Some of those present were saying indignantly to one another, “Why this waste of perfume? It could have been sold for more than a year’s wages and the money given to the poor.” And they rebuked her harshly.

“Leave her alone,” said Jesus. “Why are you bothering her? She has done a beautiful thing to me. The poor you will always have with you, and you can help them any time you want. But you will not always have me. She did what she could. She poured perfume on my body beforehand to prepare for my burial. Truly I tell you, wherever the gospel is preached throughout the world, what she has done will also be told, in memory of her.”
10 Then Judas Iscariot, one of the Twelve, went to the chief priests to betray Jesus to them.11 They were delighted to hear this and promised to give him money. 
Jesus in revolutionary mood
This story has intrigued me since I first read it years ago.  A couple of things: firstly, her action with the nard was outrageously extravagant to the point of being offensive.  A tiny amount would have produced a very nice effect at more than half the cost.  Secondly, Jesus seems to become suddenly blase about the poor.  His words are suggestive of an ideological stance that willy-nilly accepts the socio-political and economic constructs that support mass poverty.  Thirdly, why should this story, above all stories, be one that is remembered in connection with the spread of the gospel?  That is, there is very little to be found in the story of forgiveness, or of helping one's neighbour, or speaking in tongues, etc.  Fourthly, the comments of those present (whom John informs us were led by Judas Iscariot) actually make good common sense.  Jesus didn't need a years wages worth of perfume poured on his head, and the money raised could have helped a lot of people.   

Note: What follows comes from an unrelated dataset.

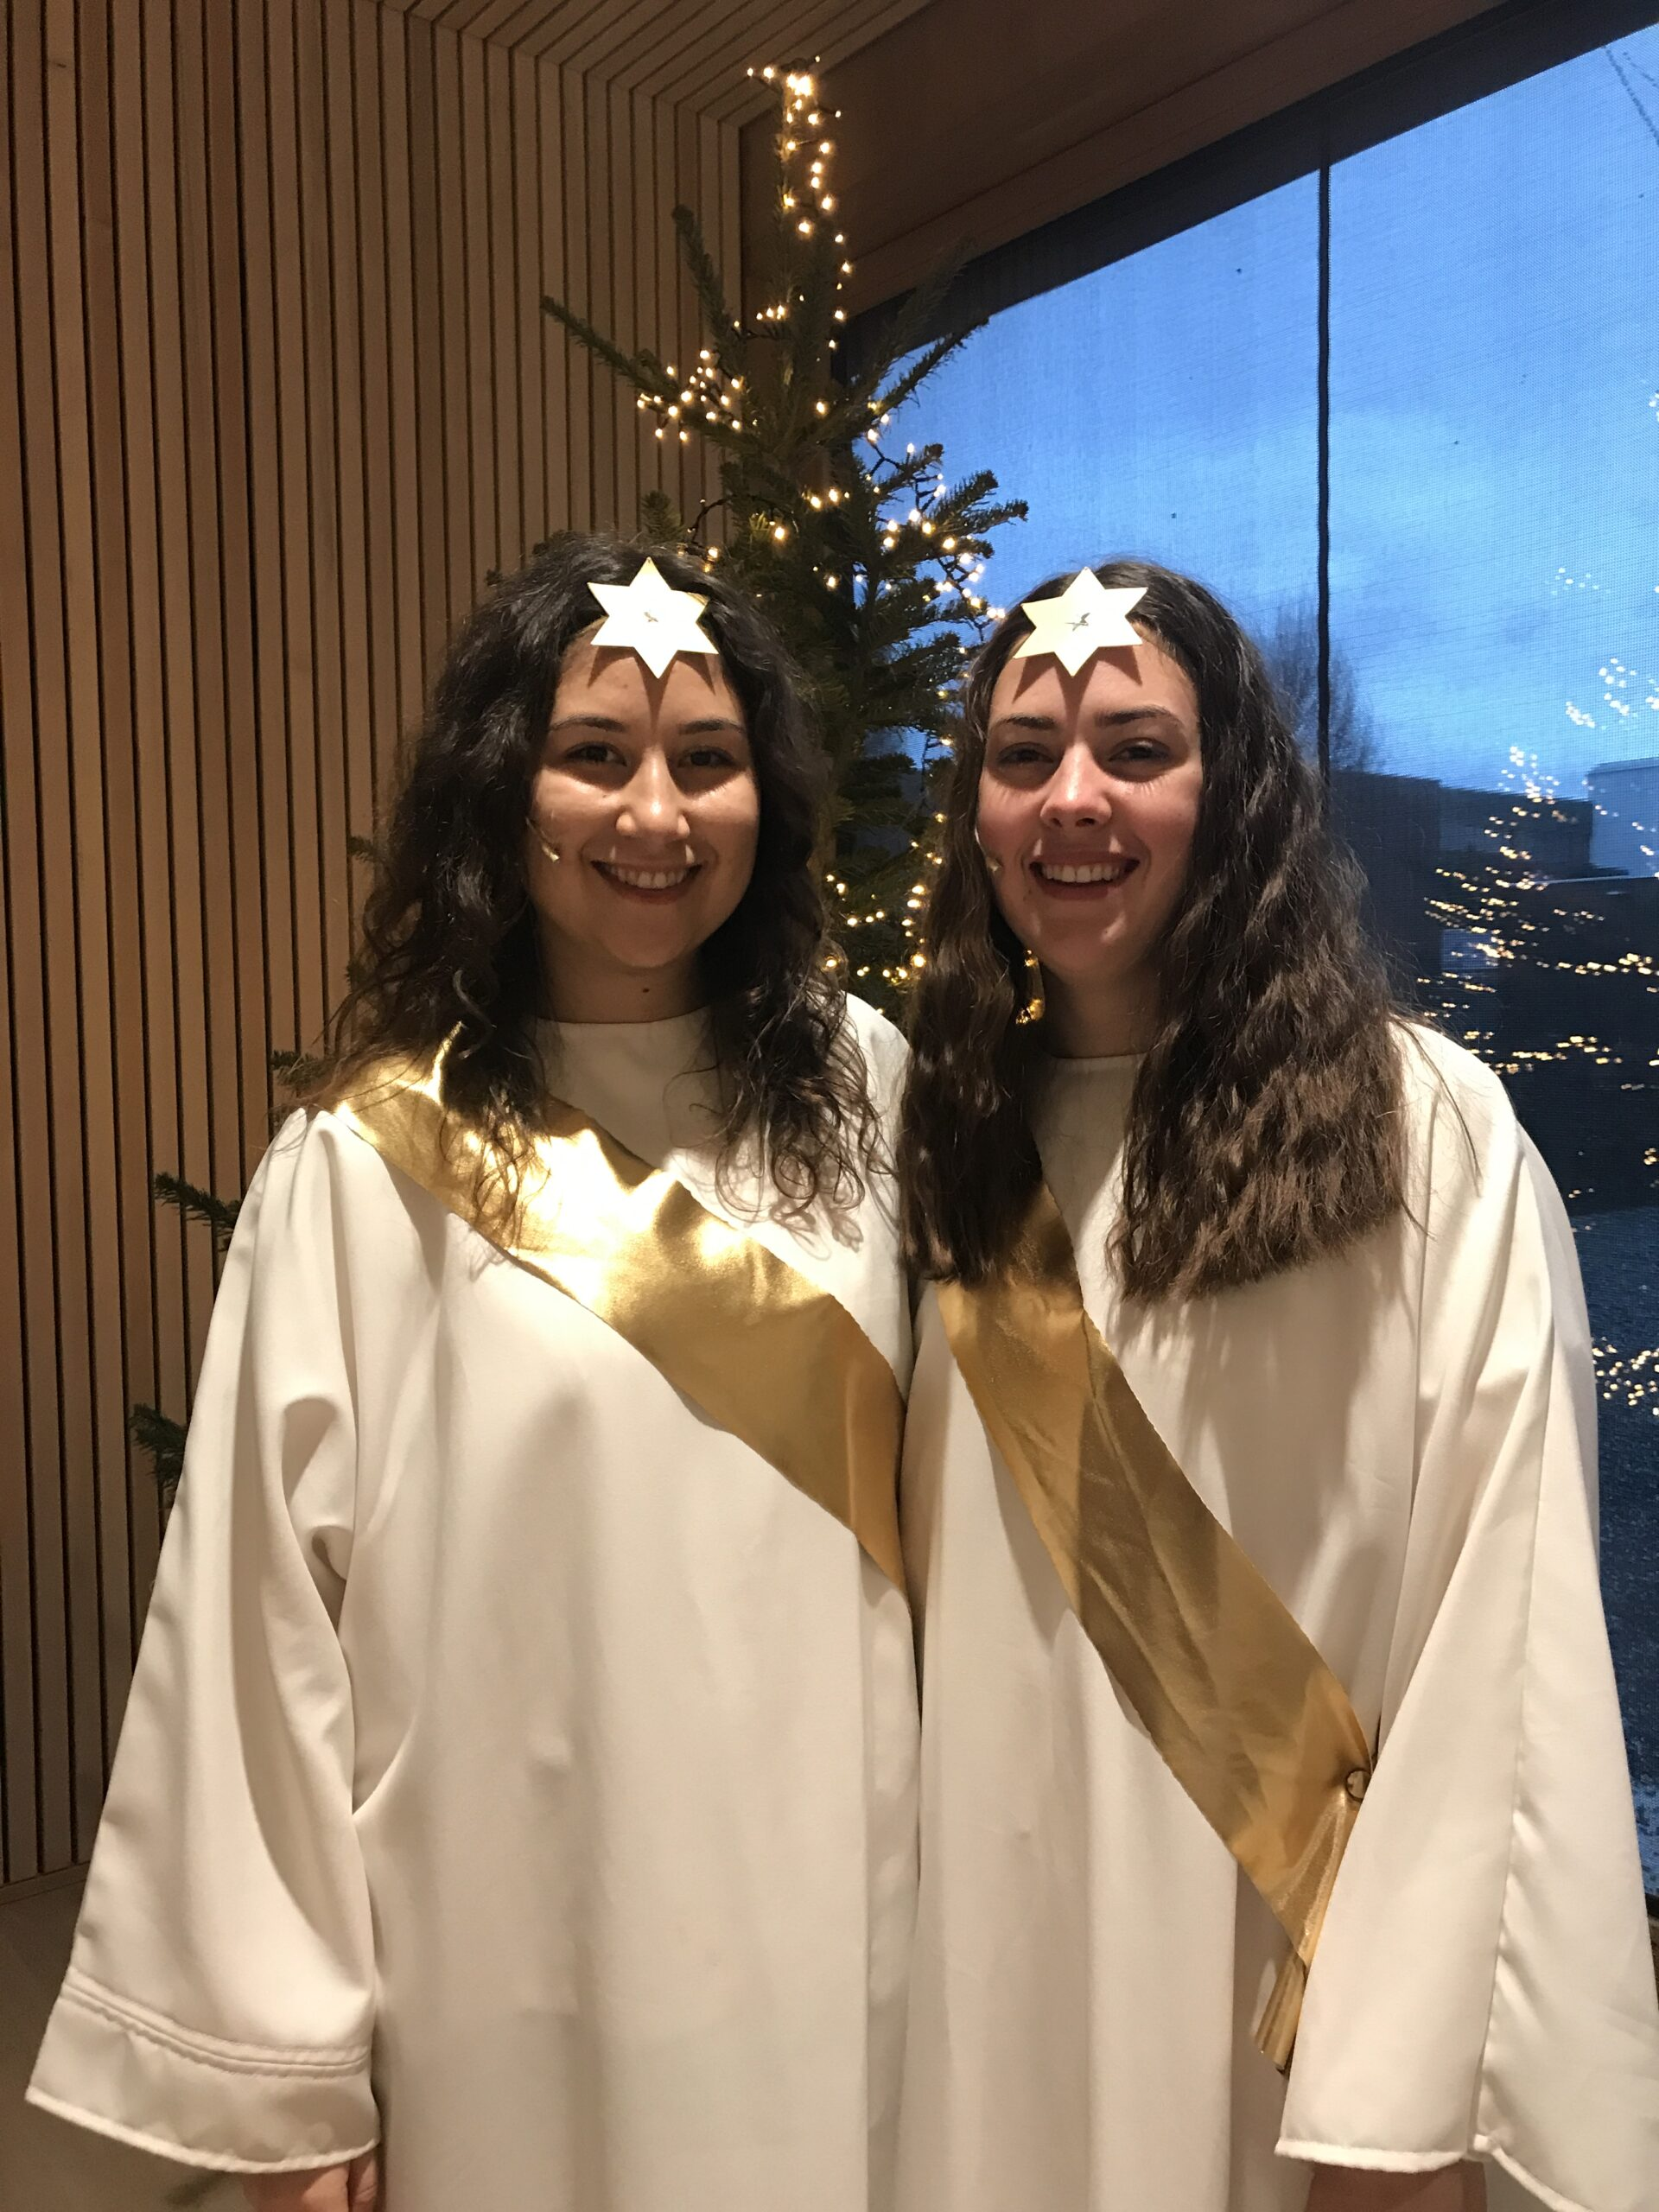 Christina und Miriam als Engel Himmlische Aufregung

I think that the reason why this story is so closely associated by Jesus with the spread of the gospel is that it exposes us very strikingly to the way in which the gospel is offensive to both common sense and conventional morality.  Mary's act of generosity flies in the face of even the most generous human action through being so excessively wasteful; it's the gift that gives over and above any conception of need.  As perfume it is wholly a non-essential luxury product, and as a consumer product it is worth a fortune.  Lavishing such a non-essential, expensive good even on Jesus exposes the cramped meanness at the heart of much that passes for generosity in human terms.  I'm not just referring to a few quid in the collection plate, or tithing, or whatever.  Mary's act must have come from the Holy Spirit himself, poured out in her heart.  It was a supernatural, superabundant act of which she would have been incapable, no matter how much she loved Jesus from her natural self.  That is precisely why it is a GOSPEL act; it does not represent how much she loved him, or how generous she was, etc; but rather it represents Mary being caught up in the love of the Father for the Son through the Holy Spirit.  The gospel is the invitation to become a participant in this extravagant movement of love.  A little sprinkling of oil would never do.  Not least, more evidence that Mary was acting under the Holy Spirit's guidance is that her action was likewise prophetic of Christ's impending death and burial.  That her action should be prophetic of the cross, Christocentric, and offensive to good manners/sense to boot means that what she did was done from within the very heartbeat of the gospel.

Incidentally, while the last verse makes Judas specifically look bad, it also casts judgement on the kind of human-inspired generosity that purely human love and understanding veer towards.